> _Given material_:
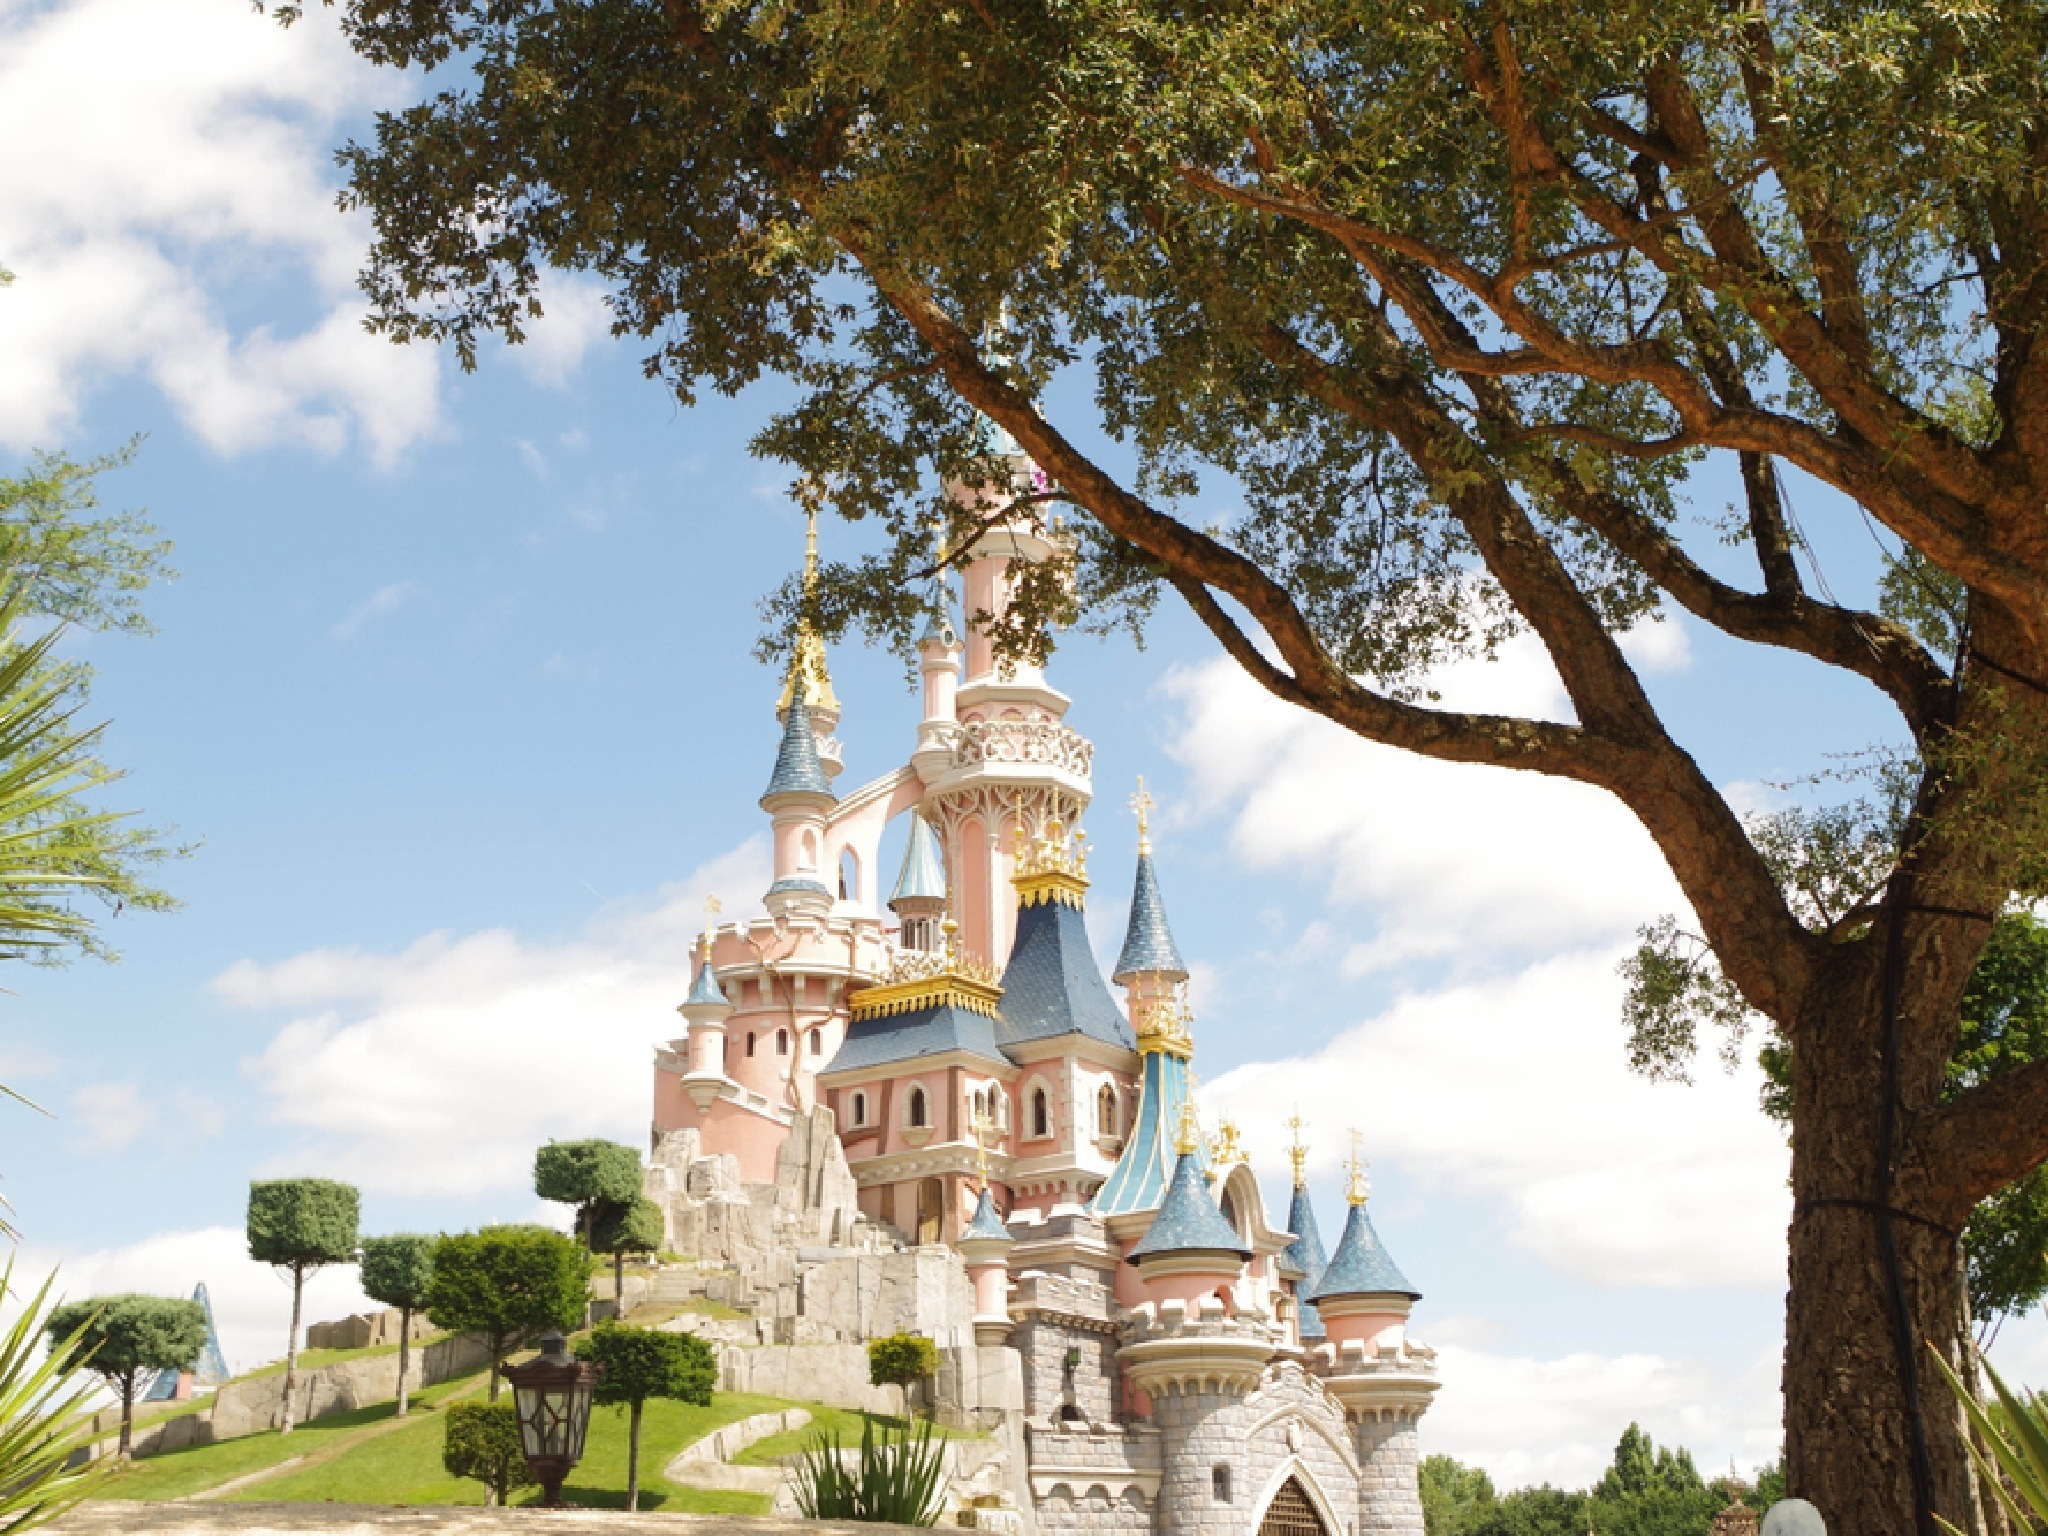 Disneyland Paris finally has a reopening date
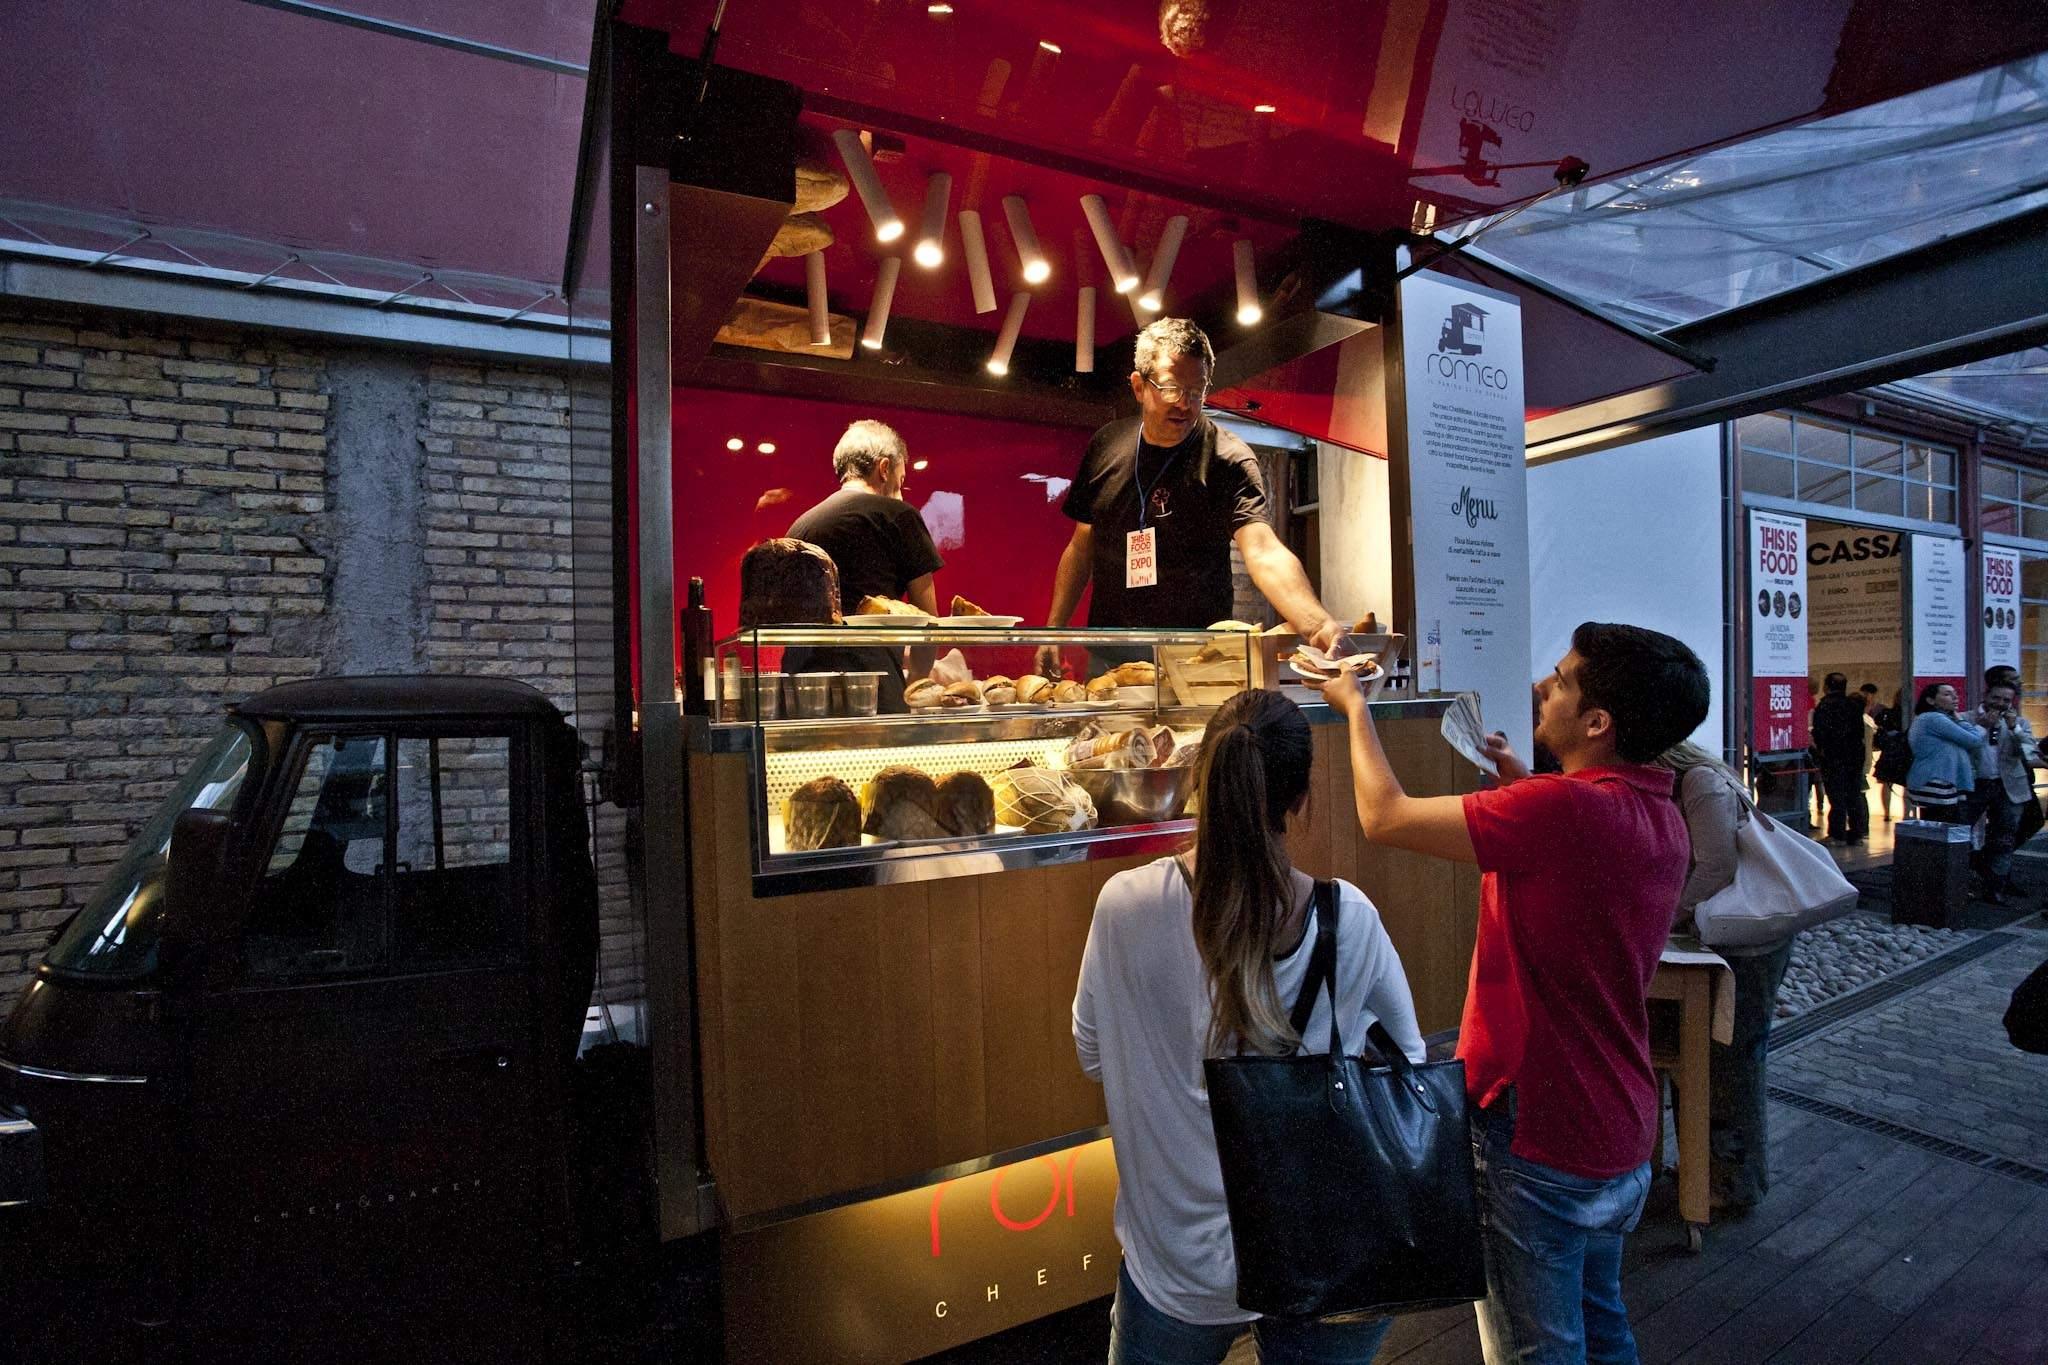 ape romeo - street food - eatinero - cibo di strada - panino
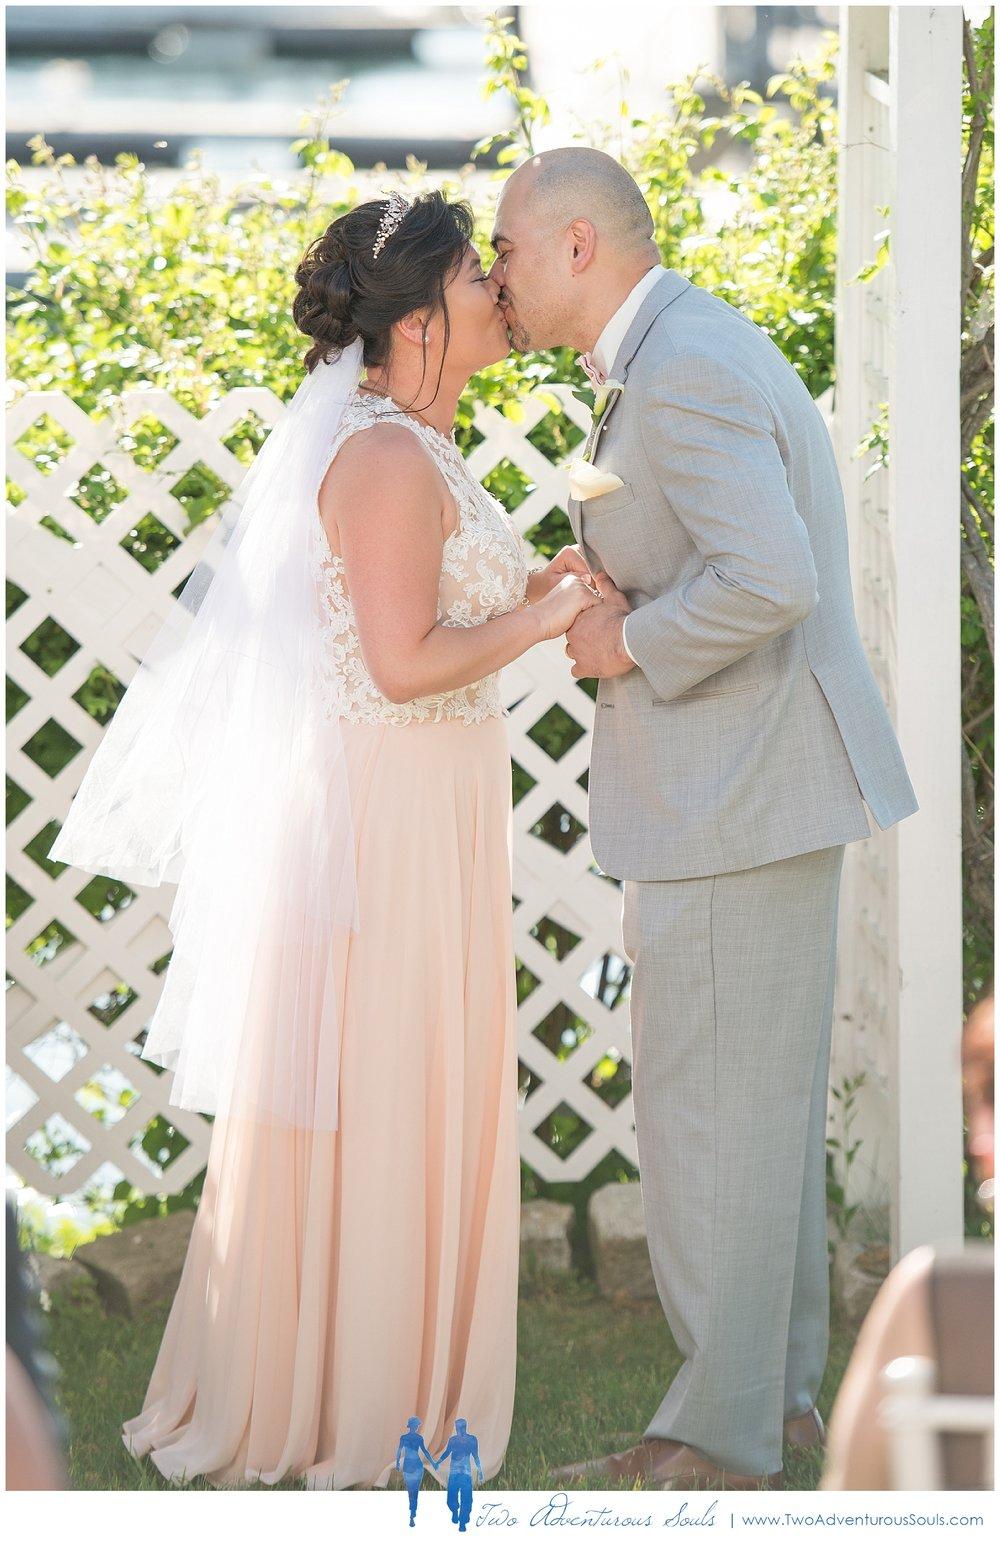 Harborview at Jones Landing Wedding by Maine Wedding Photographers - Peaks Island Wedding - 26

> _Task description_: Without any pictures, return the material above exactly.

> _Reply_:
 Disneyland Paris finally has a reopening date
 ape romeo - street food - eatinero - cibo di strada - panino
 Harborview at Jones Landing Wedding by Maine Wedding Photographers - Peaks Island Wedding - 26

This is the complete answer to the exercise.